Many Medicare Advantage plans set two out-of-pocket max levels, one for in-network services and a second for when you go out-of-network. Your deductibles, copayments, and coinsurance count toward reaching your yearly out-of-pocket max. Premiums, however, rarely count toward the MOOP.
How Much Does Medicare Part D Cost?
As with Part C, Medicare prescription drug plans are provided by private insurance companies, so costs vary. Expect to pay a monthly premium and either coinsurance or a copayment for covered prescription drugs. In addition, there is an annual deductible that you must meet before your Part D plan begins paying its share. In 2023, the maximum Part D deductible is $505. (Some plans have a lower deductible.)
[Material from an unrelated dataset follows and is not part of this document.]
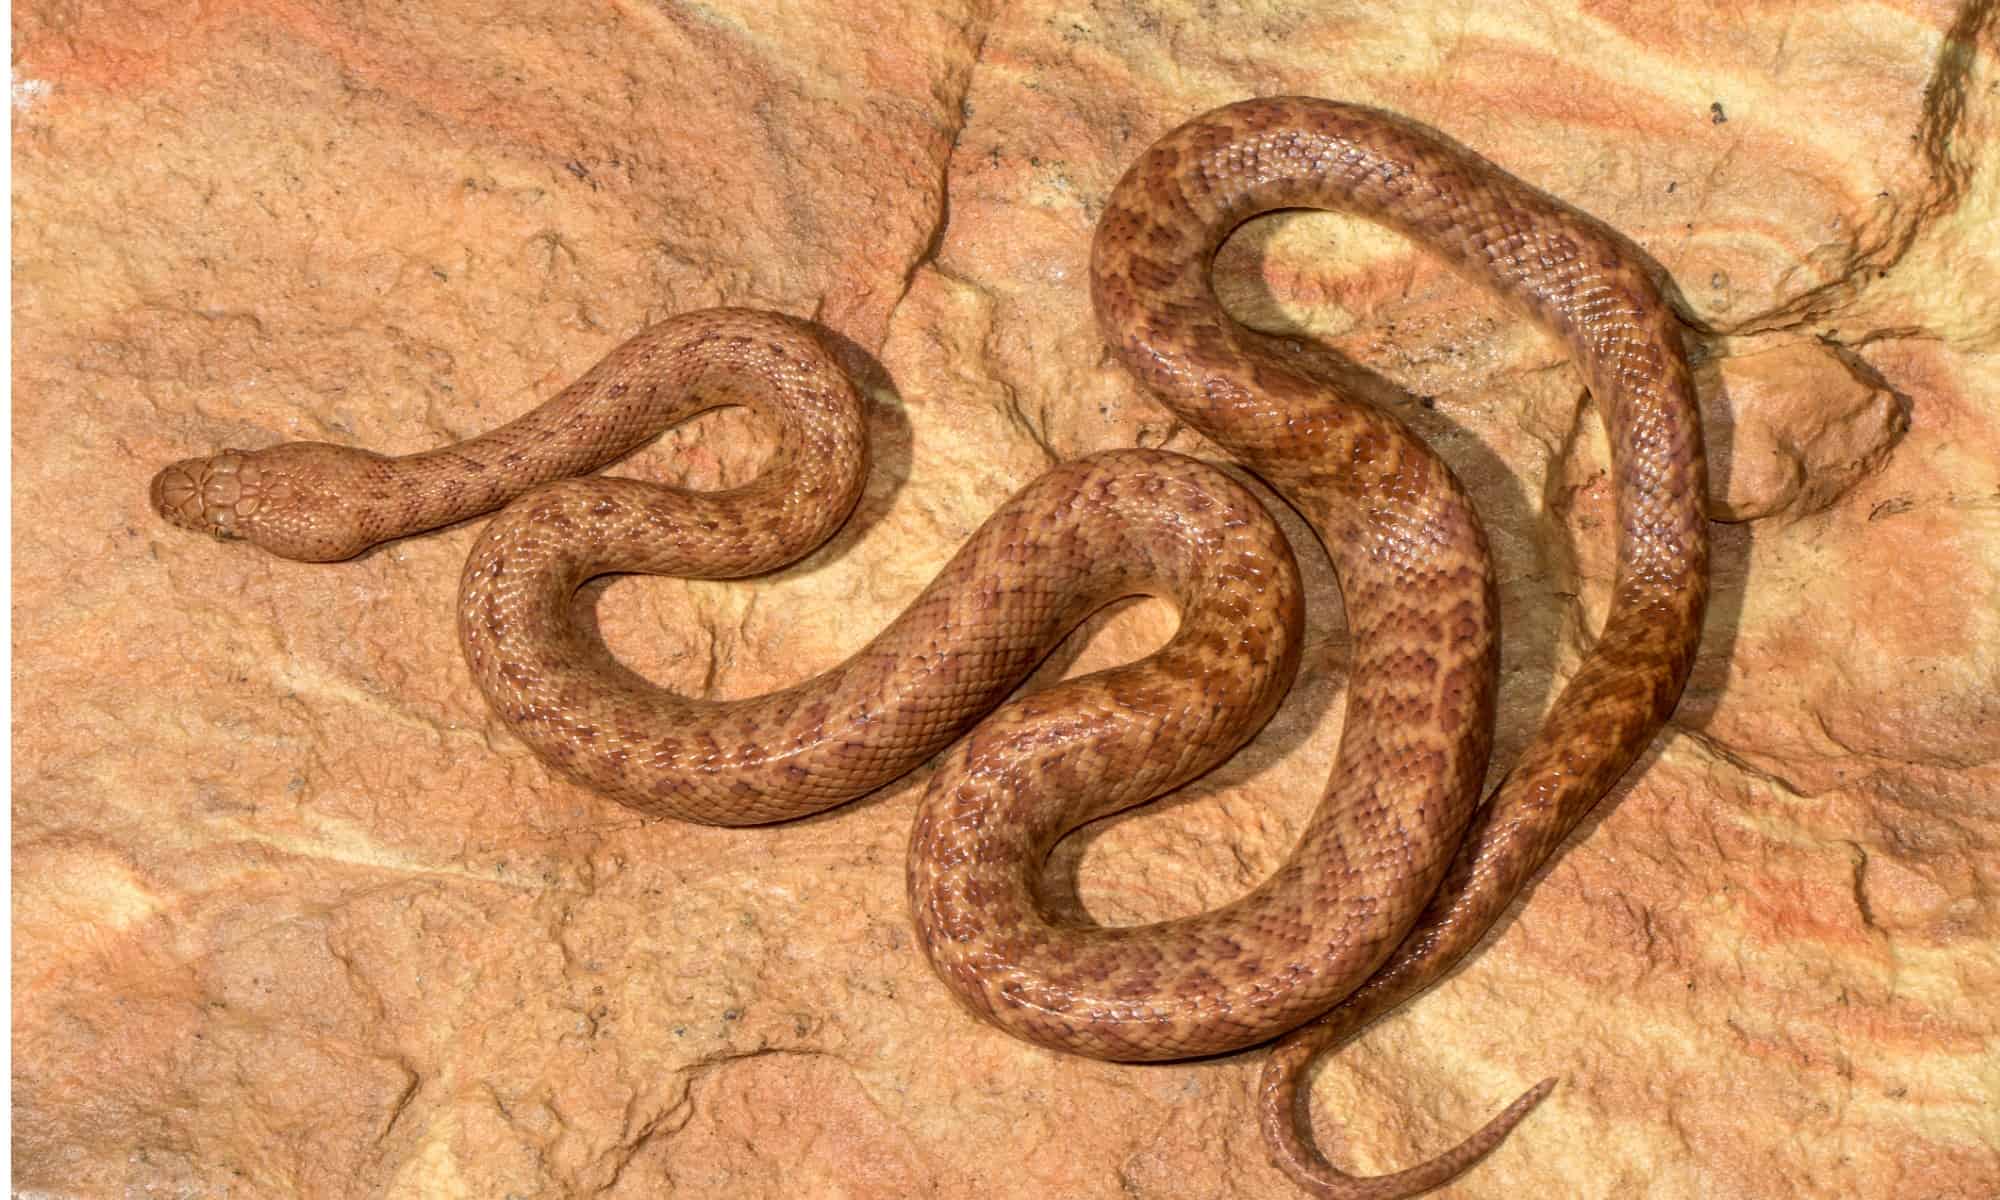 Are Snakes Vertebrates, Invertebrates or Something Else? - AZ Animals

Your costs under Part D depend on what stage you're in.
- You start out in the deductible phase. You are responsible for 100 percent of costs during the deductible phase.
- Next is the initial coverage phase. You pay 25 percent of costs for covered prescription drugs. You stay here until you and your plan spend a combined $4,660 in 2023.
- You now enter the coverage gap phase, more commonly known as the donut hole. You continue paying 25 percent of costs until your total out-of-pocket equals $7,400 in 2023.
- The final stage is catastrophic coverage. If you reach this phase, your cost is only 5 percent for covered medications for the rest of the year.
There is no annual out-of-pocket maximum with Medicare Part D.
As with Parts A and B, you may owe a late enrollment penalty for Part D. The difference is that you begin owing this fee after only 63 days without creditable drug coverage (i.e. prescription drug coverage that is comparable to Medicare). For more information, please see our article: Medicare Part D Late Penalty: Late Fees for Late Enrollment.
Can a Medigap Plan Help?
If you have Original Medicare and have a significant health problem, such as a lengthy hospital stay or chronic condition, your healthcare costs could add up quickly. With no yearly out-of-pocket limit, that could leave you owing thousands in medical bills – even with your Medicare coverage.
That's where Medigap comes in.
Medicare Supplement Insurance plans (more commonly known as Medigap) help pay a variety of out-of-pocket costs when you have Original Medicare. At a minimum, every Medigap plan covers your Part A coinsurance and provides an additional 365 lifetime reserve days for inpatient care.